1. Use the distributive property to multiply the $-2.5$ into the parentheses.

= $−2.5(4x−3)$

= $−2.5⋅(4x)+(−2.5)⋅(−3)$

We expanded the expression by multiplying the $-2.5$ by both terms in the parentheses.

=$-10x+7.5$

The expanded expression is $-10x+7.5$.

2. Combine the coefficients of the $b$ terms.

= $=1.3b+7.8−3.2b$

= $(1.3−3.2)⋅b+7.8$

= $(−1.9)⋅b+7.8$

= $−1.9b+7.8$

The simplified expression is $−1.9b+7.8$.

3. Combine the coefficients of the $p$ terms, and combine the constant terms.

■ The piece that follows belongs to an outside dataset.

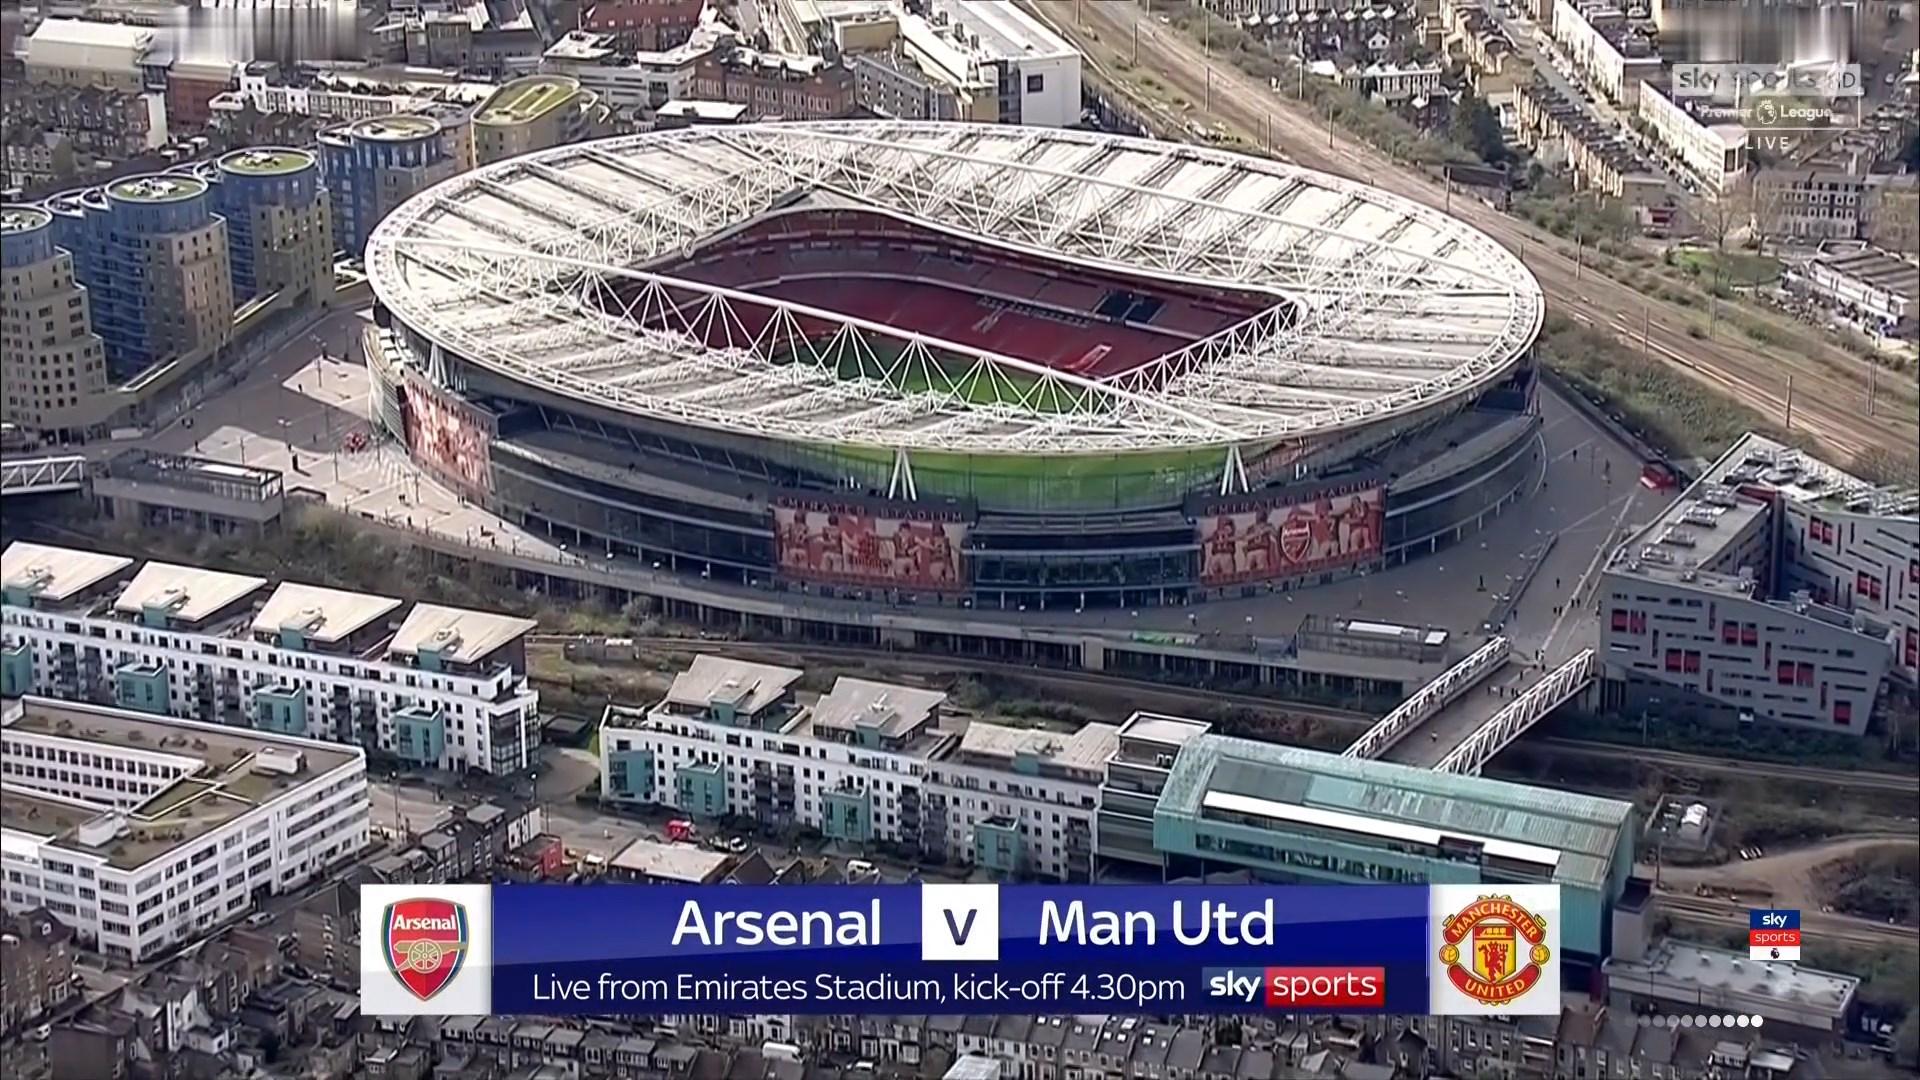 Xem lại: Arsenal vs Manchester United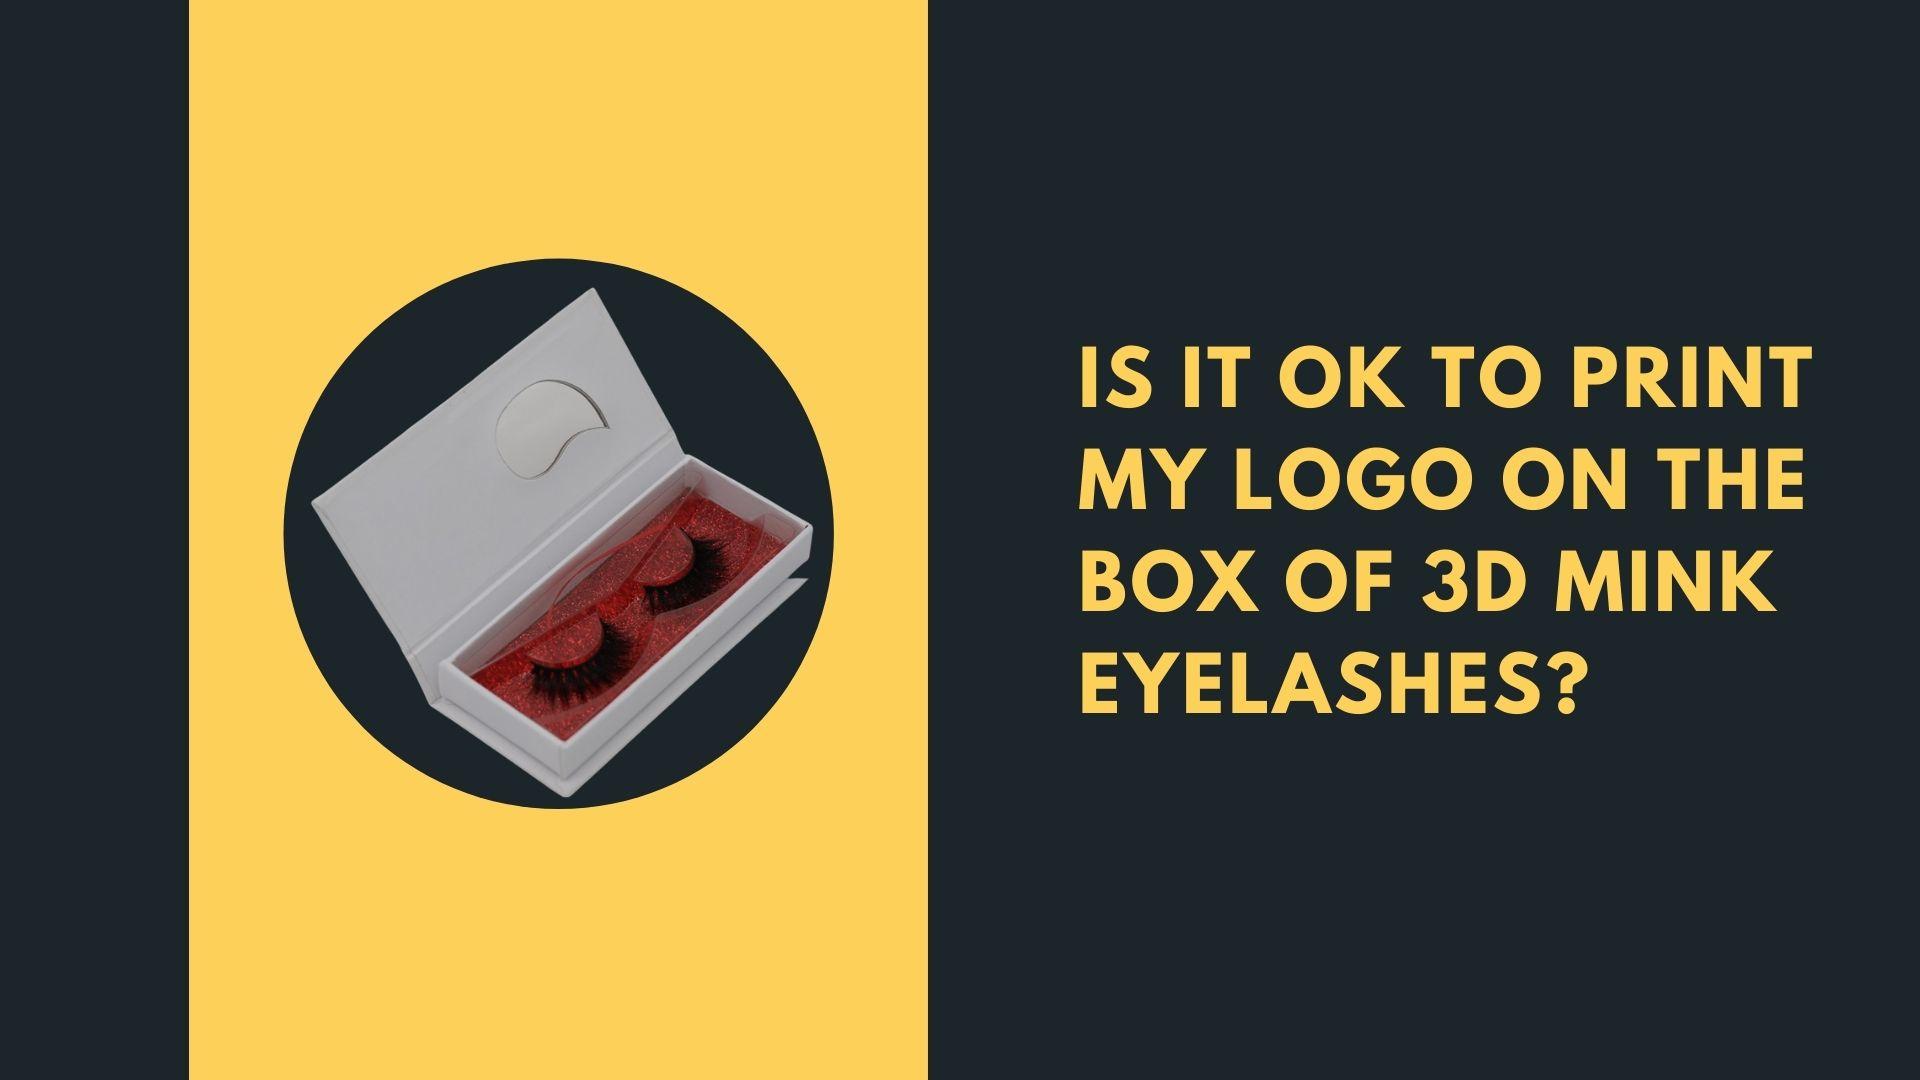 Is it ok to print my logo on the box of 3D mink eyelashes

= $-\frac{2}{3} p+\frac{1}{5}-1+\frac{5}{6} p$

= $\left(-\frac{2}{3}+\frac{5}{6}\right) \cdot p+\frac{1}{5}-1$

Group the $p$ coefficients together, and group the numeric coefficients together.

= $\left(-\frac{4}{6}+\frac{5}{6}\right) \cdot p+\frac{1}{5}-\frac{5}{5}$

Rewrite $−1$ as $-\frac{5}{5}$ to form common denominators.

= $\left(\frac{1}{6}\right) \cdot p-\frac{4}{5}$

=$\frac{1}{6} p-\frac{4}{5}$

The simplified expression is $\frac{1}{6} p-\frac{4}{5}$.

4. Use the distributive property to multiply the $-3$ into the parentheses.

= $\frac{1}{7}-3\left(\frac{3}{7} n-\frac{2}{7}\right)$

= $\frac{1}{7}+(-3) \cdot\left(\frac{3}{7} n\right)+(-3) \cdot\left(-\frac{2}{7}\right)$

We expanded the expression by multiplying the $-3$ by both terms in the parentheses.

= $\frac{1}{7}-\frac{9}{7} n+\frac{6}{7}$

= $-\frac{9}{7} n+\frac{7}{7}$

We combined the numeric terms.

= $-\frac{9}{7} n+1$

The expanded expression is $-\frac{9}{7} n+1$.